Terrorist Screening Center gets new director

Timothy Healy is the new director of a center that administers the consolidated terrorist watch list database.

The FBI has named Timothy Healy as director of the Terrorist Screening Center (TSC) that maintains the government’s consolidated terrorist watch list, bureau officials said today.

Healy takes over from Leonard Boyle, who recently left the FBI for a job in industry. Healy had been acting director of the TSC; several years ago he was the center's deputy director responsible for its operations, administrative and information technology branches, according to the FBI.

As the new director, Healy will oversee the bureau’s administration of the consolidated database with information on more than 1.1 million identities that corresponds to about 400,000 people. The FBI administers the TSC with support from the Homeland Security, State, Justice, Defense and Treasury Departments, as well as the Office of the Director of National Intelligence.

Meanwhile, a recent audit from the Justice Department’s inspector general found problems with the way the FBI nominates people to be on the watch list and updates existing entries. The IG said the FBI had failed to nominate many people in terrorism investigations which the IG sampled for the audit, and did not nominate many others in a timely fashion to be added to the list. In addition, the bureau had not updated or removed watch list records as required, the report released May 6 said.

The report said FBI has nominated or processed nominations of more than 68,000 known or suspected terrorist identities since 2004. For the audit the IG interviewed officials, reviewed policies and 216 terrorism cases that were opened or closed by selected FBI field offices during fiscal years 2006, 2007 and the first half of fiscal 2008.

The IG also found 35 percent of the 68,000-plus identities on the list that were sourced to the FBI as of February 2008 were associated with cases that weren’t designated as being international or domestic terrorism. Many of the watch listed records were associated with outdated terrorism case classifications or that were unrelated to terrorism.

The American Civil Liberties Union said the audit confirmed the government's watch list system is “massively broken.”

The IG report made 16 recommendations for how the FBI could fix the problems. In response, the bureau agreed to all of them.

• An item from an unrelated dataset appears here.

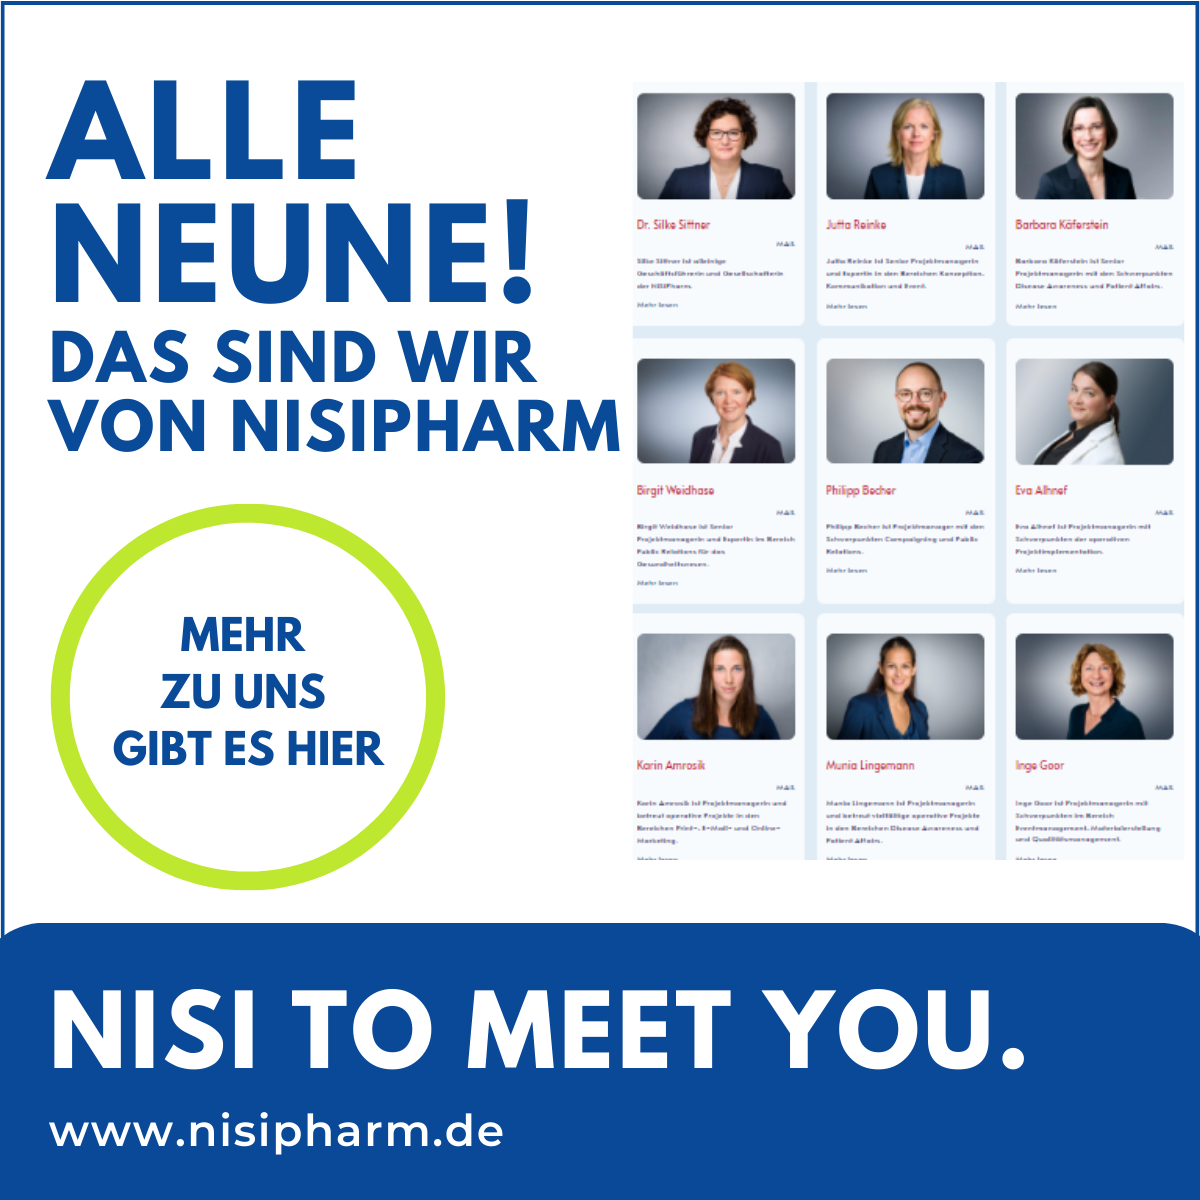 Vorstellung des NiSiPharm-Teams, mit der Headline: Alle Neune und Verlinkung auf die Webseite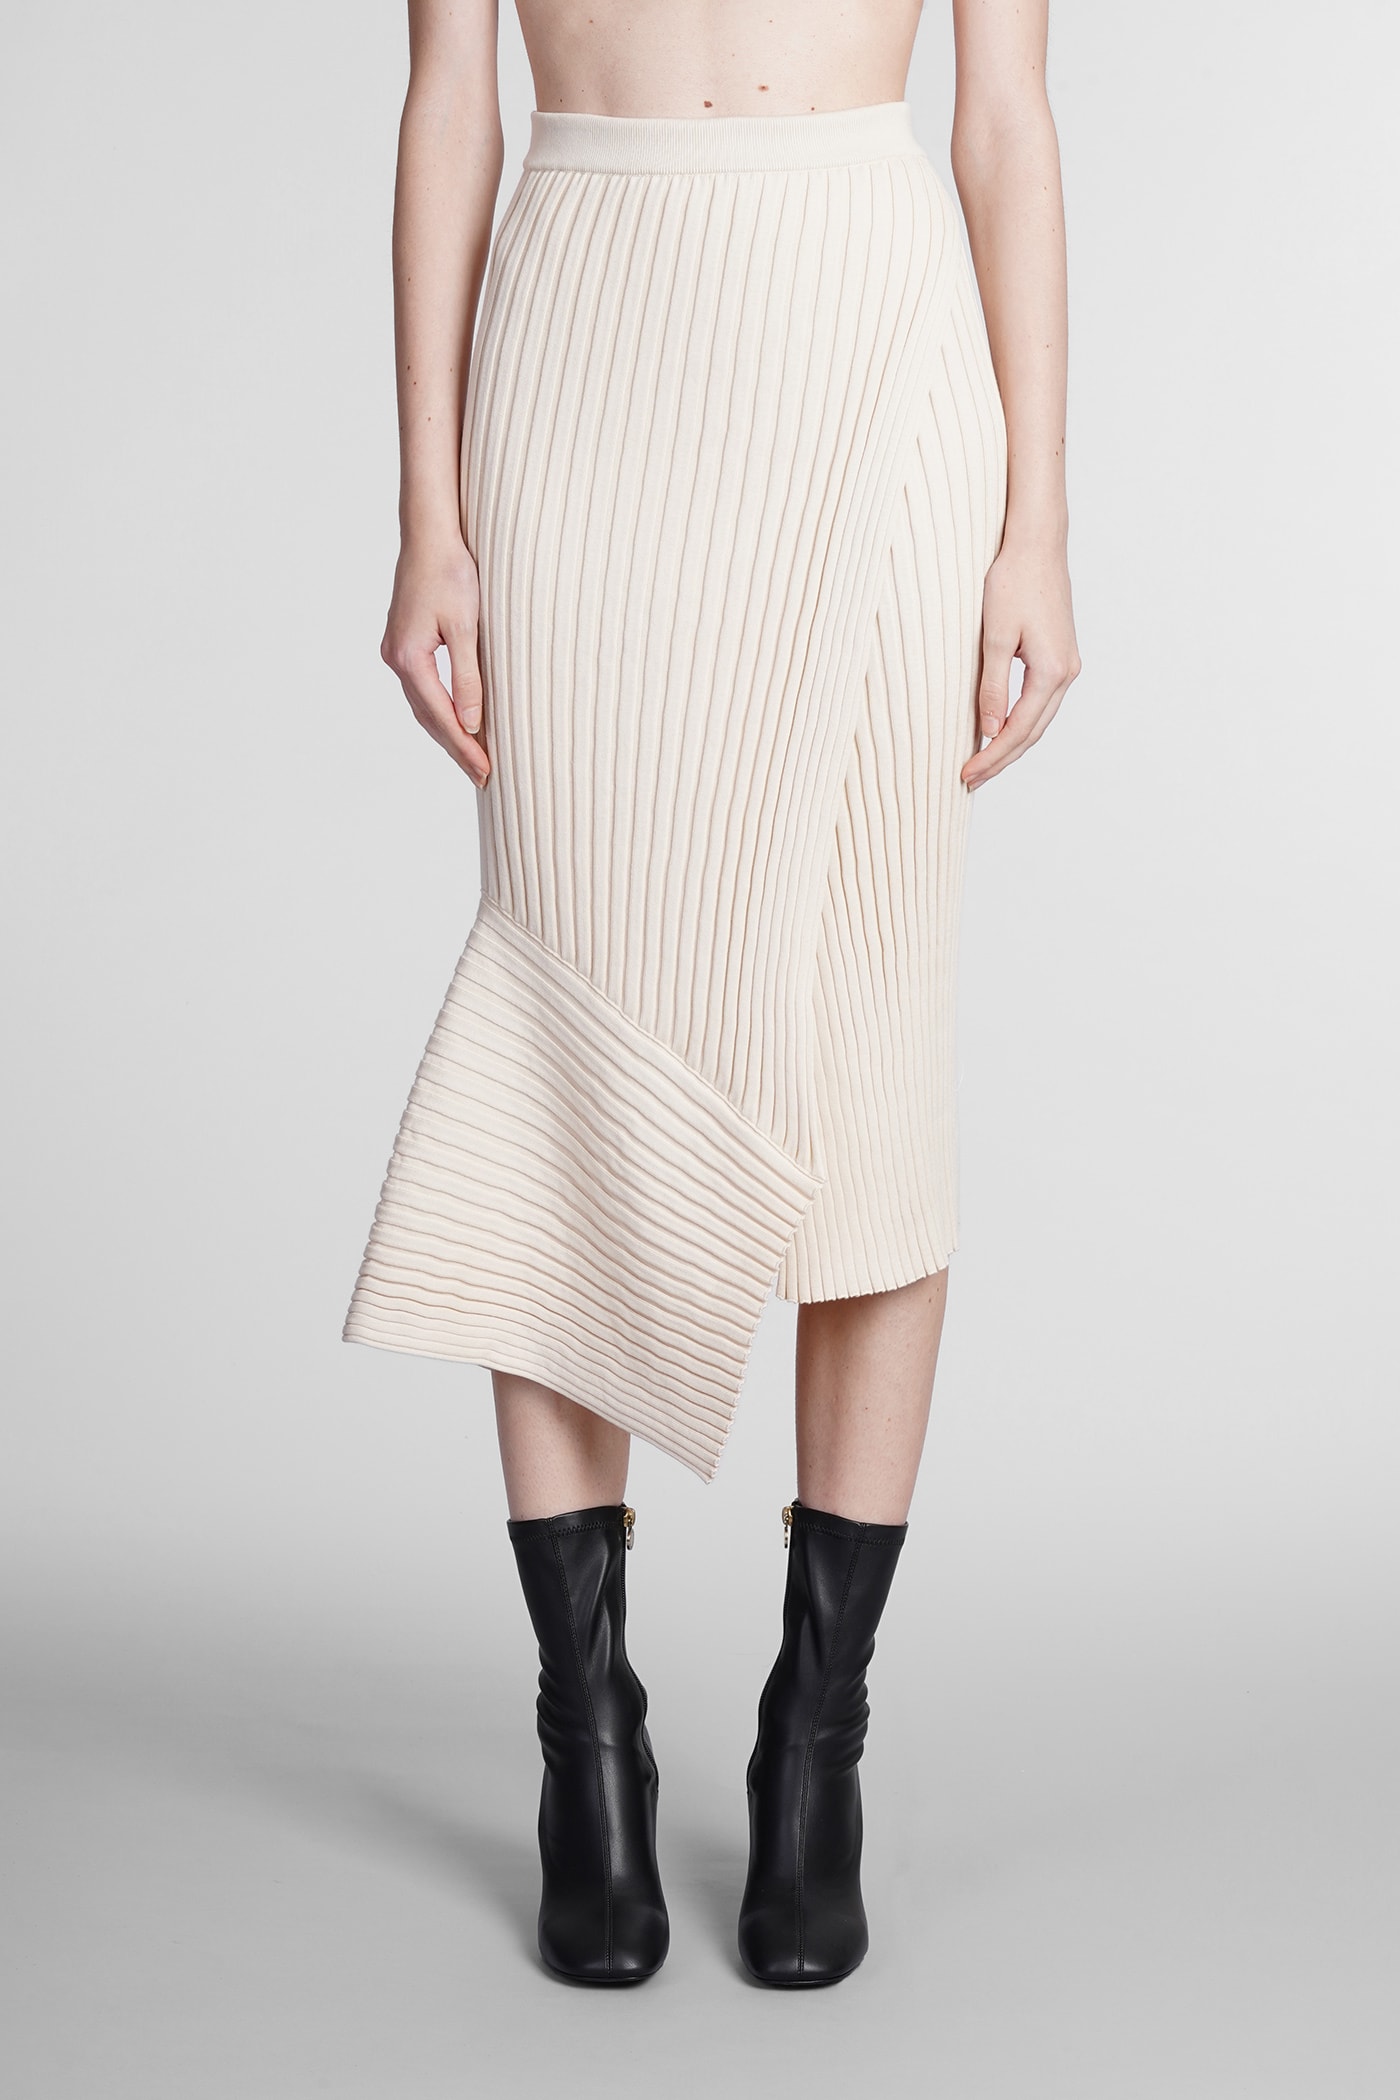 Stella McCartney Skirt In Beige Cotton

Those recommendations included establishing time frame requirements for headquarters units to process the watch list’s nominations, modifications, and removals. The IG also recommended FBI create a process to modify and remove known or suspected terrorists placed on the watch list, as well as a re-evaluation of the watch list records that are not sourced to a current terrorism case.

The FBI has implemented measures to address all of the IG’s recommendations, which are all now resolved, FBI Assistant Director John Miller said.

“These measures have included developing a metrics team to monitor compliance on an ongoing basis, increasing training on watchlisting practices, requiring quarterly supervisory review, improving the accuracy and completeness of nominations, reconfiguring resources to maximize timeliness, and requesting corrections for all nominations inaccurately attributed to the FBI,” Miller said.